她从北京回来探亲,在学校读书,那年二十岁,比我小一岁。
04
我第一次见到陈婷,是她从车里下来的那一刻。
司机绕到车门边去开门,她先自己推开了,跳下来,背着个帆布包,剪着齐耳短发,穿着一件白衬衫,笑着冲大门口喊了一声"爸——"
声音很亮。
陈首长难得地走出来接她。
我站在院门旁边,目光不动,规规矩矩的。
但我的眼睛不听使唤地往那边偏了一下。
就那一下。
我赶紧收回来了。
心里当时什么感觉,说不清楚。说没感觉,那是骗自己。说有什么,我也说不出来。
就是觉得——这个世界上,有些人一出现,空气都不一样了。
后来几天,陈婷在家里转来转去,她是个闲不住的人,喜欢看书,喜欢拉二胡,喜欢追着她妈问各种菜怎么做。
对我们警卫员,她一开始是那种有礼貌的疏离。
点头,笑笑,"辛苦了"。
规规矩矩的,像她爸教出来的。
改变,从一碗面开始。
05
那天晚上,我值夜班。
大概十一点多,首长和阿姨早睡了,院子里安静。
厨房那边突然亮起灯。
我走近去确认,隔着窗户看到陈婷站在灶台前,对着一口锅发呆。
我敲了敲窗户格子,她吓了一跳,转过来,看见是我,拍了拍胸口,开门出来,压低声音说:"你吓死我了。

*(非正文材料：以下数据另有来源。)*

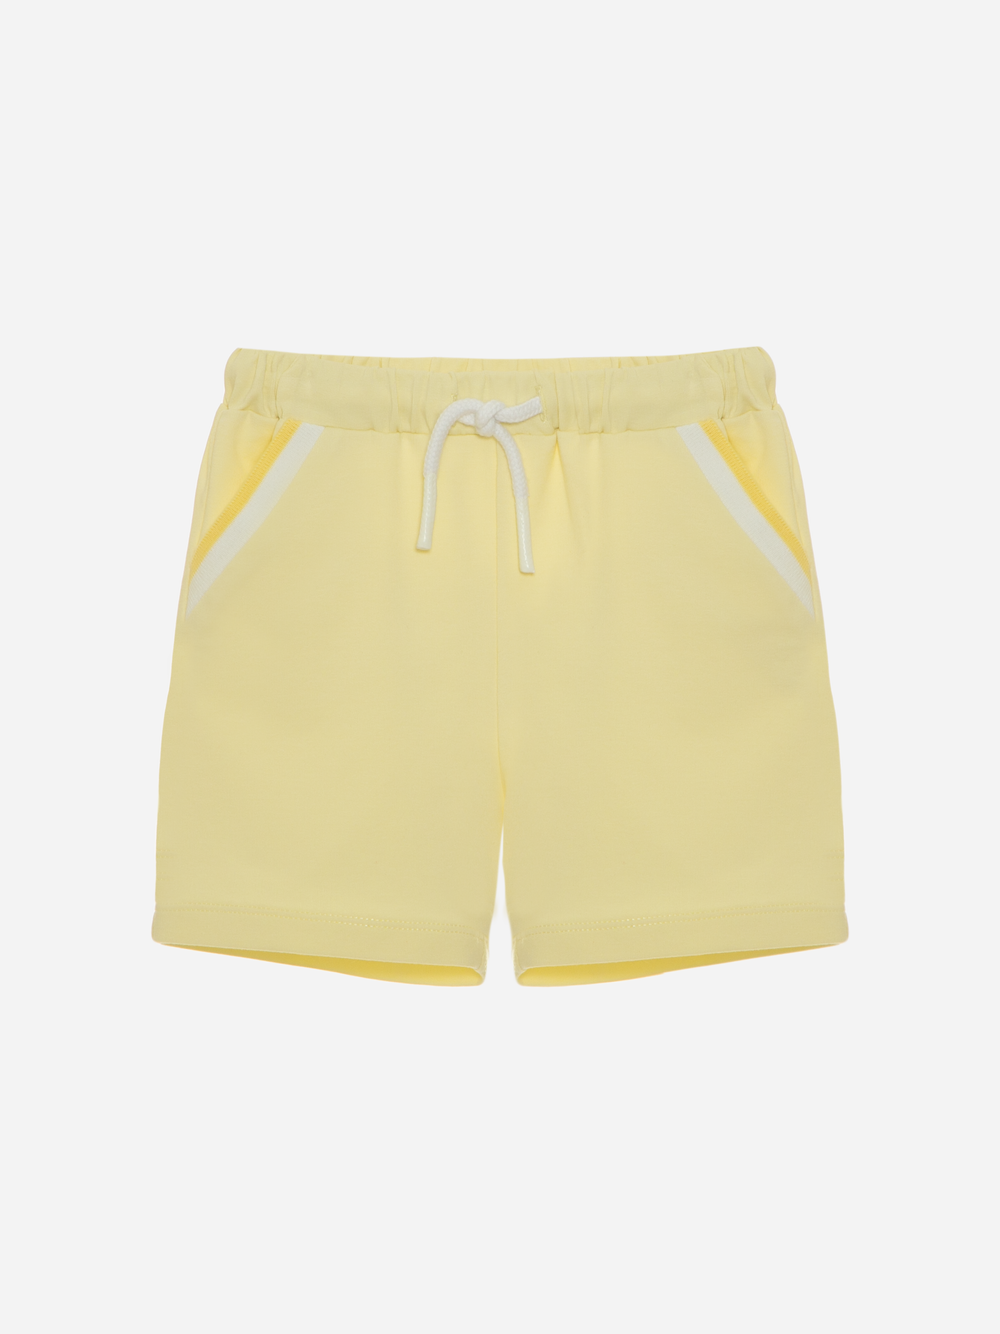 Yellow cotton fleece shorts

"
我说:"夜里起来,注意安全。"
她说:"饿了,想煮碗面,但忘了怎么调火候,这个灶我不熟。"
我愣了一下,说:"我来吧。"
她盯着我看了一秒,说:"你会?"
我说:"老家灶台烧惯了的。"
那晚我给她煮了一碗鸡蛋面,加了一勺猪油,撒了点葱花。
她坐在厨房小凳子上吃,吃完抬头说:"比我妈做的还好吃。"
我说:"别让阿姨听见。"
她笑了出来,声音压着,笑得肩膀抖了抖。
那是我们第一次正经说话。
06
之后的事,说起来有点身不由己。
不是我主动靠近的。
真的不是。
我心里很清楚自己的身份。农村来的兵,没背景,没学历,跟她之间隔着的不是一道墙,是整座山。
但陈婷这个人,不按常理出牌。
她探亲假有二十天,这二十天里,三不五时地找借口跟我说话。
问我老家在哪,问我有没有兄弟姐妹,问我当兵苦不苦,问我以后有什么打算。
我一开始答得很谨慎,每句话都掂量。
后来她说:"你跟我说话怎么跟写报告一样?"
我说:"习惯了。"
她说:"跟我不用这样。"
就这一句话,我心里的那道线,松了一松。
真的就松了。
后来我们说了很多。
说家里的事,说当兵的感受,说她在学校里遇到的有趣的事。她读的是文学,脑子活,讲故事很好听,说着说着会自己先笑起来。
我发现,她笑的时候,左边脸颊有个浅浅的梨涡。
我注意到了这个,然后心里一沉。
完了,我想,这下真麻烦了。
07
麻烦来得比我想象的快。
探亲假快结束那天,陈婷找到我,说让我陪她去院子里的石榴树下坐坐。
那棵树是老树,秋天结了一树果子,还没摘完。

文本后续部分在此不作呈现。